How much does he pay for a file and how many files does he buy?

Change the money to cents to eliminate the decimals.

Let $\displaystyle N$ = number of files he bought.
Let $\displaystyle p$ = price per file.

Mr. Sim bought $\displaystyle N$ files at $\displaystyle p$ cents each . . . and paid 33750¢
. . $\displaystyle Np\:=\:33750\qiad\Rightarrow\quad p = \frac{33750}{N}$ [1]

For the same amount, he could buy $\displaystyle N+10$ files at $\displaystyle p - 20$ cents each.
. . $\displaystyle (N+10)(p - 20)\:=\:33750$ [2]

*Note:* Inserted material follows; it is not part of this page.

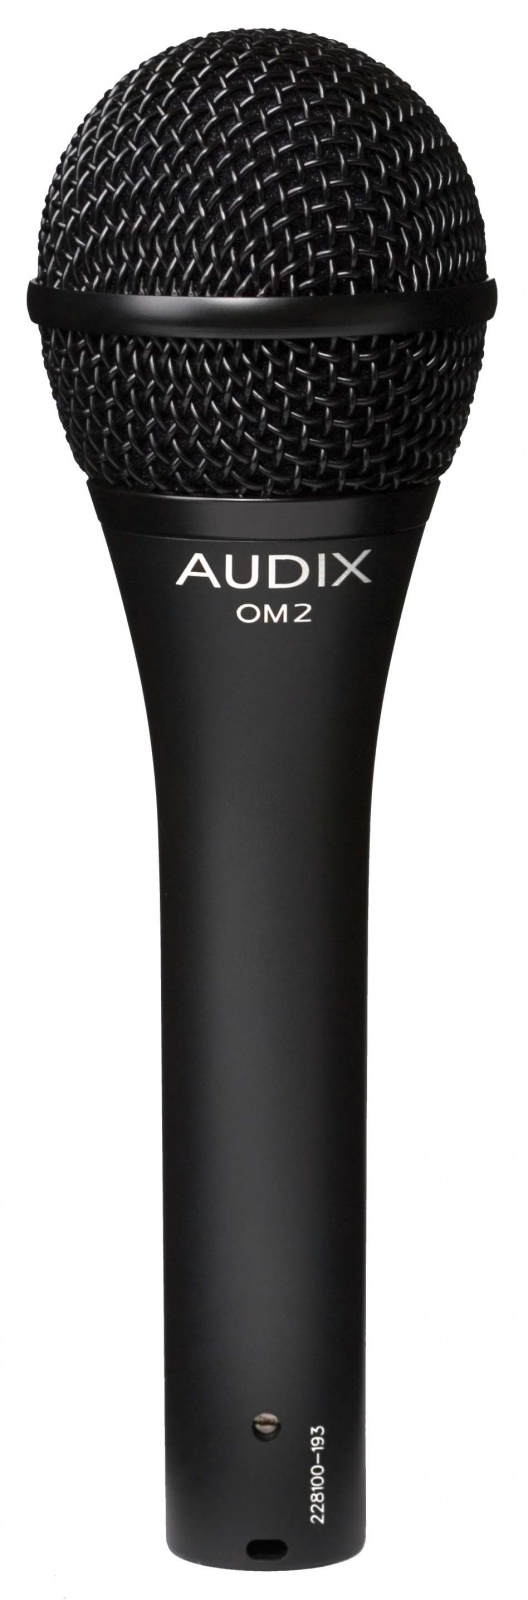 AUDIX OM2  Динамический гиперкардиоидный микрофон, 50 Гц - 16 кГц, многоцелевой микрофон

Substitute [1] into [2]: .$\displaystyle (N + 10)\left(\frac{33750}{N} - 20\right) \;= \;33750$

We have: .$\displaystyle 33750 - 20N + \frac{337500}{N} - 200\;=\;33750$

Multiply by $\displaystyle N:\;\;-20N^2 + 337500 - 200N\;=\;0$

Divide by $\displaystyle -20:\;\;N^2 + 10N - 16875\;=\;0$

This quadratic factors: .$\displaystyle (N - 125)(N + 135) \;= \;0$

. . and has the positive root: .$\displaystyle \boxed{N = 125}$

Substitute into [1]: .$\displaystyle p = \frac{33750}{125}\quad\Rightarrow\quad\boxed{p = 270}$

Therefore, he bought $\displaystyle 125$ files at $\displaystyle \$2.70$each. ~ ~ ~ ~ ~ ~ ~ ~ ~ ~ ~ ~ ~ ~ ~ ~ ~ ~ ~ ~ ~ ~ ~ ~ ~ ~ ~ ~ ~ ~ Check He could buy$\displaystyle 135$files at$\displaystyle \$2.50$ each
. . It would cost: .$\displaystyle 135 \times \$2.50 \,=\,\$337.50$ . . . check!